Tomorrow, as the Senate Judiciary Committee considers reforming the decades-old federal email privacy law, the personal Inboxes and love lives of senior military and intelligence figures may be on that august body's mind.  When the FBI pored through the personal lives of CIA Director David Petraeus, Paula Broadwell, Jill Kelly and General John Allen, citizens across the land began to wonder how the FBI could get that kind of information, both legally and technically.

So, just how do you exchange messages with someone, without leaving discoverable records with your webmail provider? This is an important practical skill, whether you need to use it to keep your love life private, to talk confidentially with a journalist, or because you're engaged in politics in a country where the authorities use law enforcement and surveillance methods against you.

The current state of anonymous communication tools is not perfect, but there here are some steps that, if followed rigorously, might have protected the Director of the CIA, the Commander, U.S. Forces Afghanistan, and their friends against such effortless intrusion into their private affairs.

Pseudonymous webmail with Tor

According to press reports, Broadwell and Petraeus used pseudonymous webmail accounts to talk to each other. That was a prudent first step, but it was ineffectual once the government examined Google's logs to find the IP address that Broadwell was using to log into her pseudonymous account, and then checked to see what other, non-pseudonymous, accounts had been used from the same IP address. Under current US law, much of this information receives inadequate protection, and could be obtained from a webmail provider by the FBI without even requiring a warrant.

Because webmail providers like Google choose to keep extremely extensive logs1, protecting your pseudonymous webmail against this kind of de-anonymization attack requires forethought and discipline.

You should use the Tor Browser Bundle when setting up and accessing your webmail account. You must always use Tor. If you mess up just once and log into the pseudonymous account from your real IP address, chances are that your webmail provider will keep linkable records about you forever. You will also need to ensure that you do not give your webmail provider any information that is linked to your real world identity. For instance, if prompted for an email account, do not use another real account during signup; use a throwaway address instead.

Download the Tor Browser Bundle

To use Tor, start by downloading the Tor Browser Bundle by going to Tor Download page:, shown in the screenshot below, and click on the Download button for the  appropriate browser bundle for your operating system. The screenshot below shows the Tor Browser Bundle for Windows.

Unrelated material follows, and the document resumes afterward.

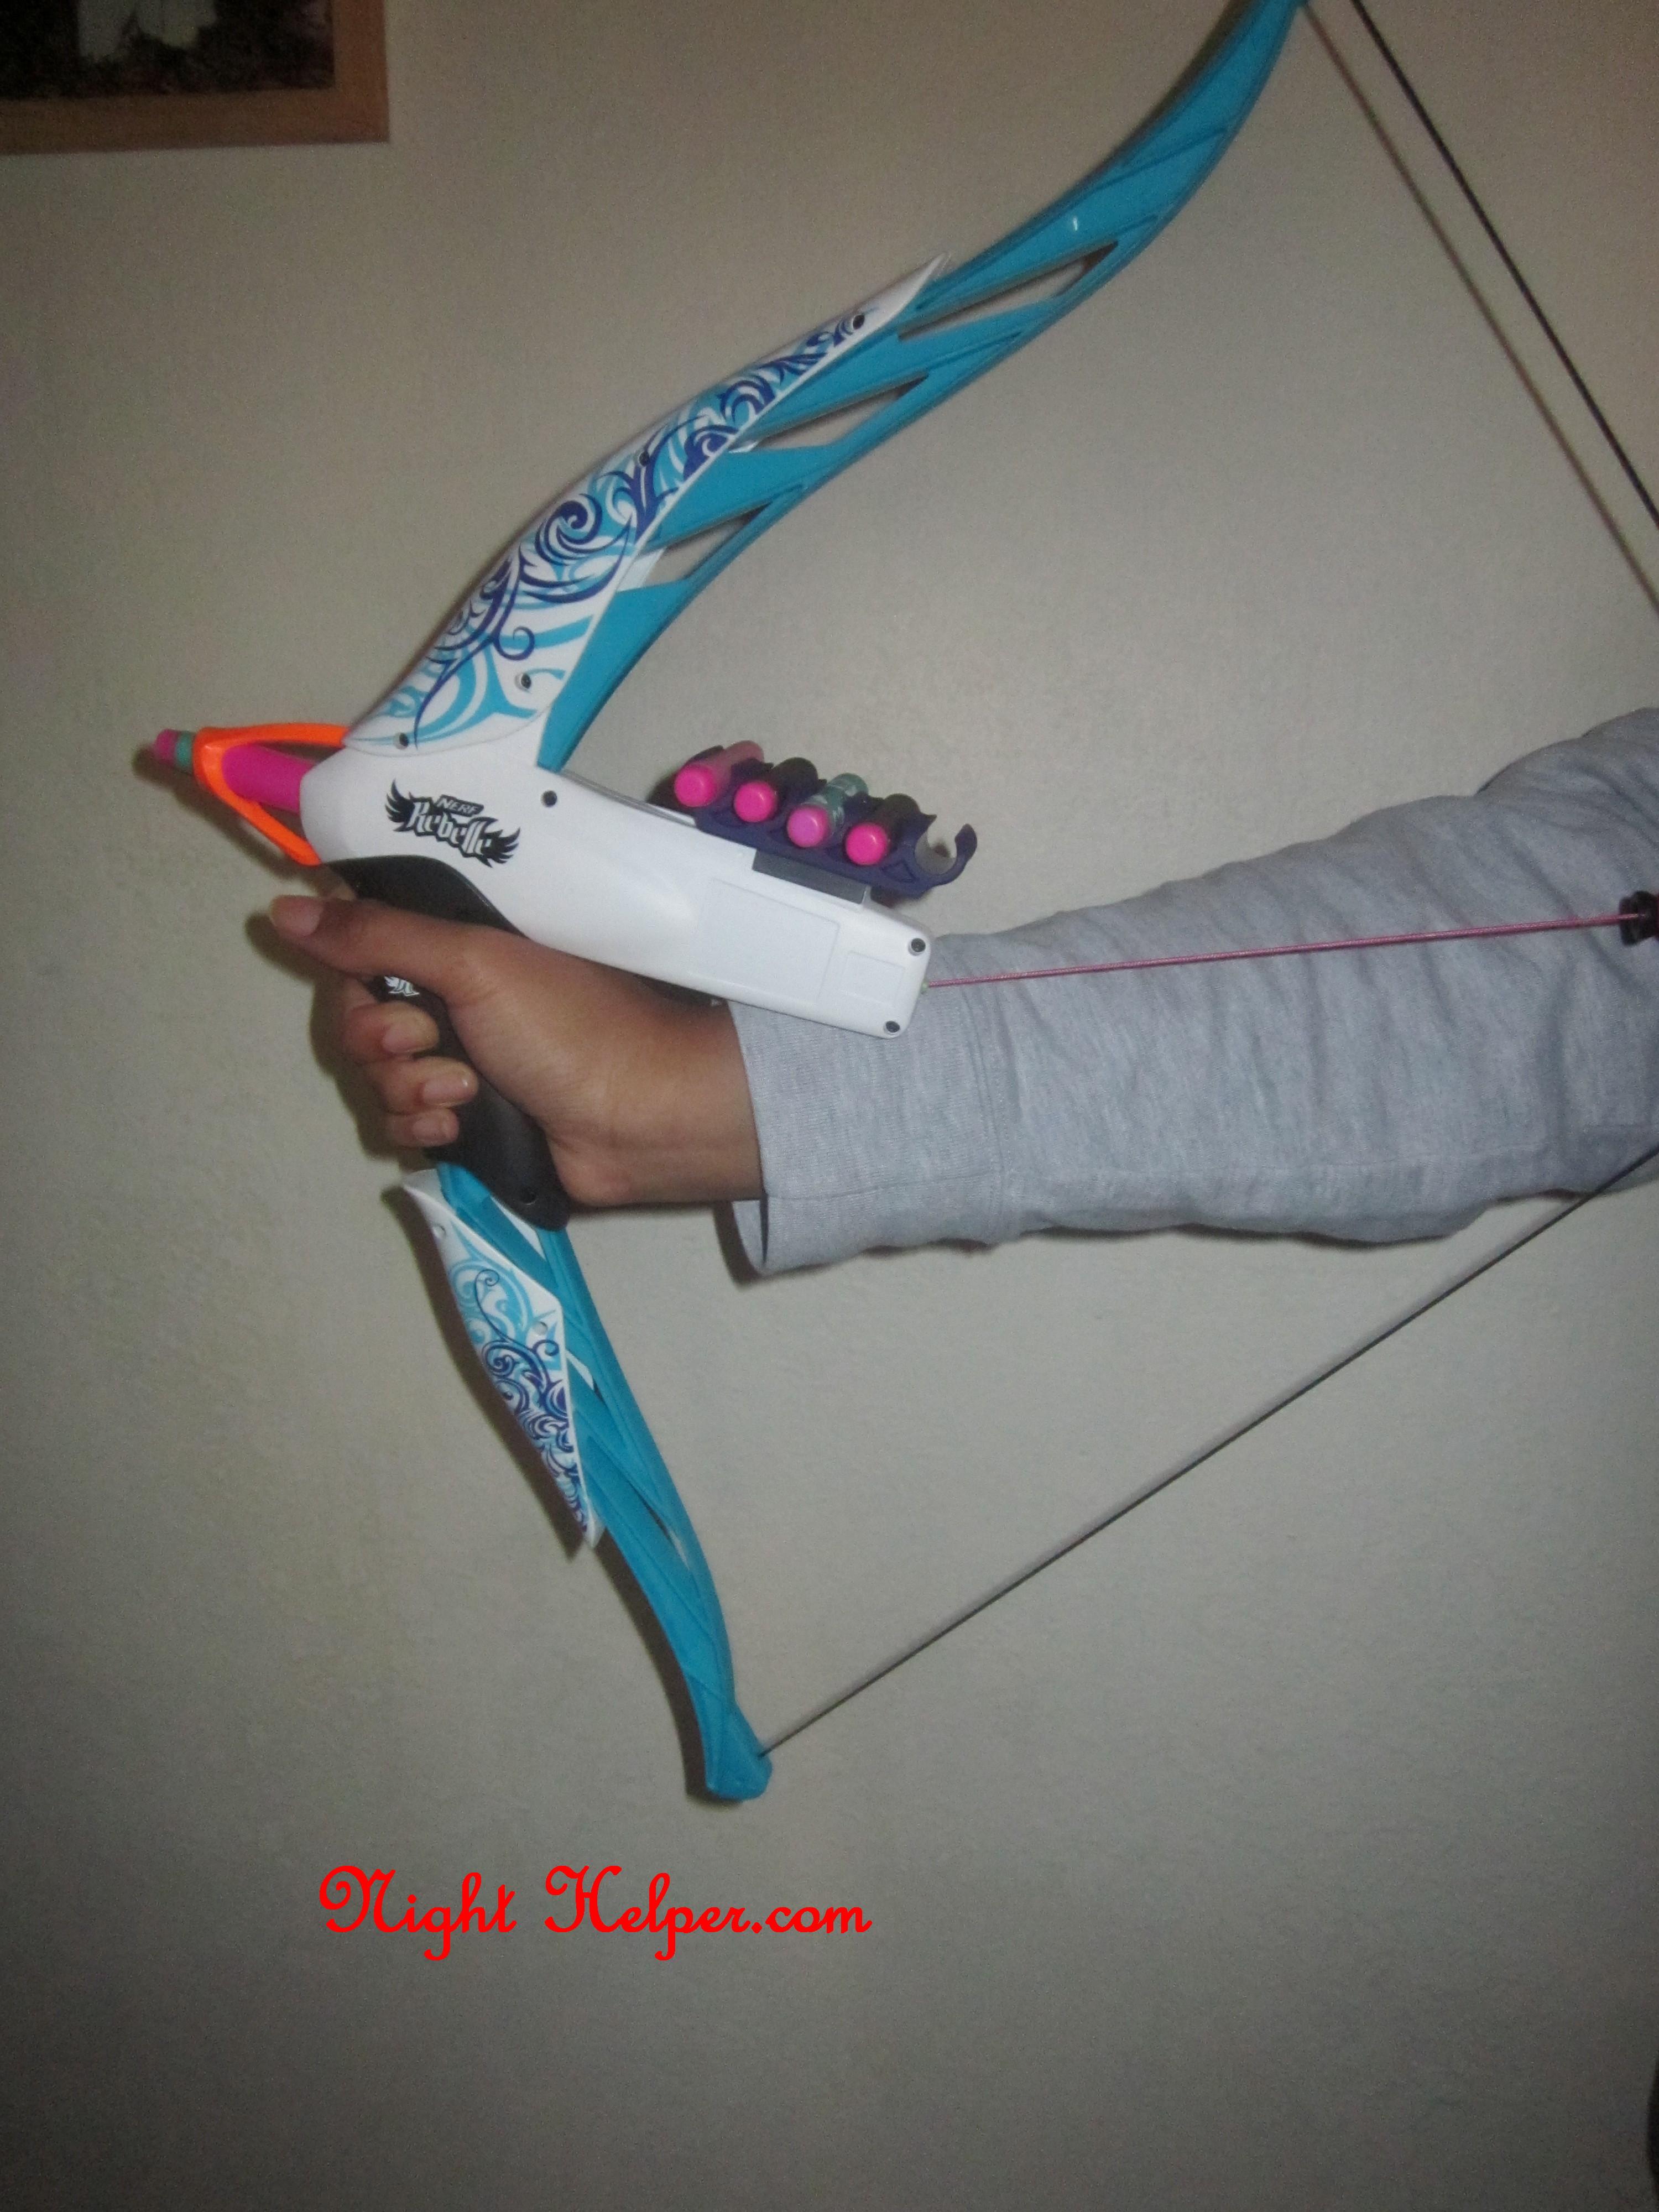 nerf rebelle heartbreaker bow blaster toy set night helper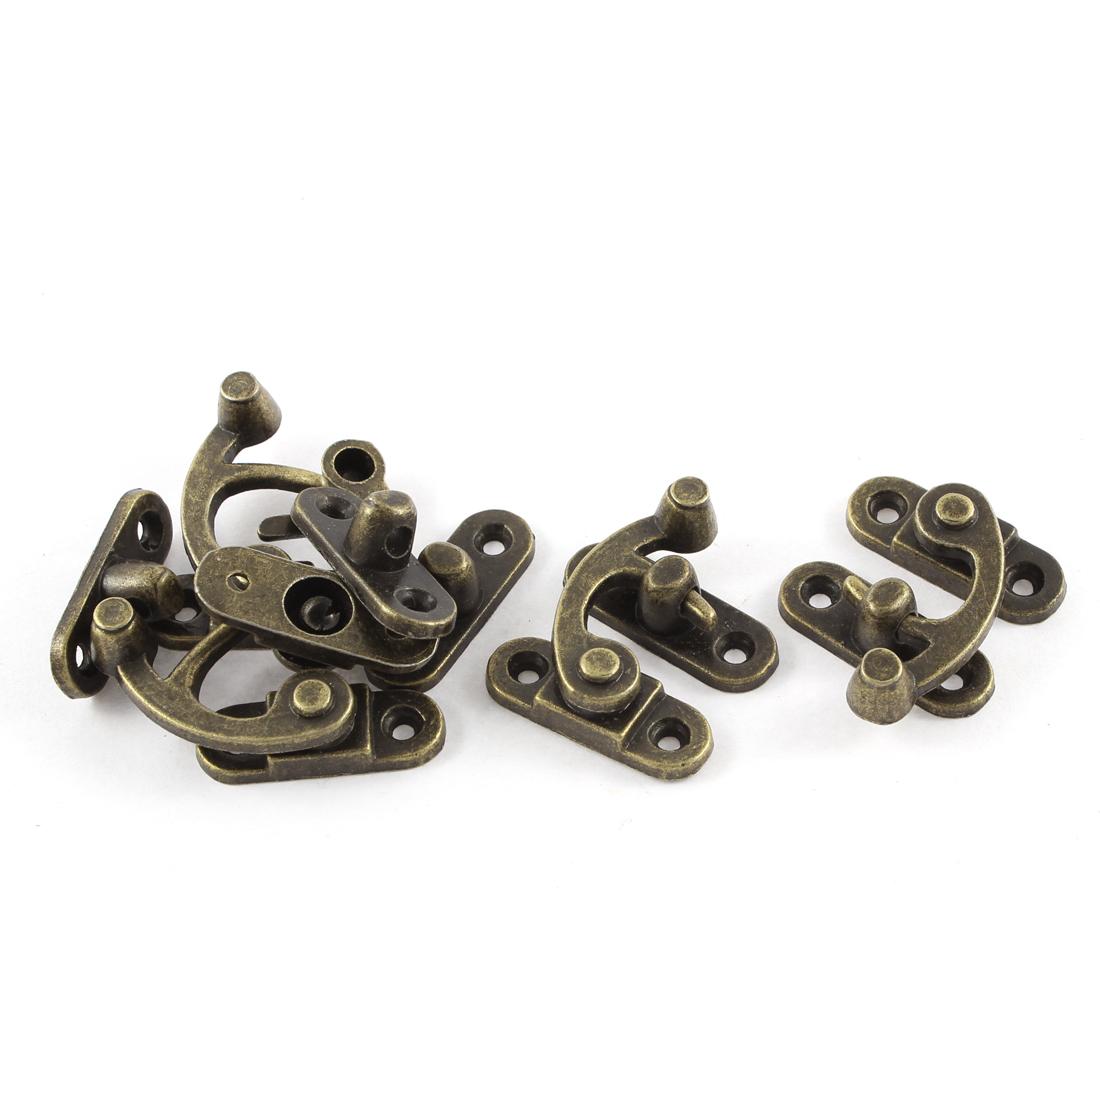 5pcs 33mmx29mm Retro Style Jewelry Cigar Box Decorative Hook Lock Latch

The Tor Bowser Bundle is a zip self-extracting archive. Click "extract" to extract the files from the archive.

To start the Tor Browser in Windows, go to Local Disk-->Program Files-->Tor Browser and double click on "Start Tor Browser," shown in the screenshot below:

When the Tor Browser launches, it will automatically test itself to see if Tor is working correctly. If Tor is correctly anonymizing your traffic, it will display a message saying, "Congratulations. Your browser is configured to use Tor." It will also display the IP address that your traffic appears to be coming from. This is the IP address your webmail provider will see when you go to set up your webmail account. 

Set Up A Webmail Account

Now that you have your Tor Browser up and running, use it to set up a new webmail account, ideally with a provider that you do not otherwise use. Using a separate webmail provider will help you to distinguish between your anonymous account and your regular email account. Hushmail allows users to set up new webmail accounts while using Tor to protect their anonymity, which is why we are using it in this tutorial. Note that Hushmail has a checkered history, but it is the only webmail service we are aware of that allows the use of Tor in this way--something we'd like to see changed.  Google tries to prevent people from signing up for Gmail accounts pseudonymously, and alternatives like Yahoo! Mail are missing HTTPS protection. Without both HTTPS and Tor at the time of creation and use, your account is not truly anonymous.  As an added precaution, you may want to use public wifi at an Internet cafe or a library whenever you connect.

To set up your Hushmail account, go to, shown in the screenshot below, and click the "Try Hushmail" button, which will allow you to set up a free Hushmail account.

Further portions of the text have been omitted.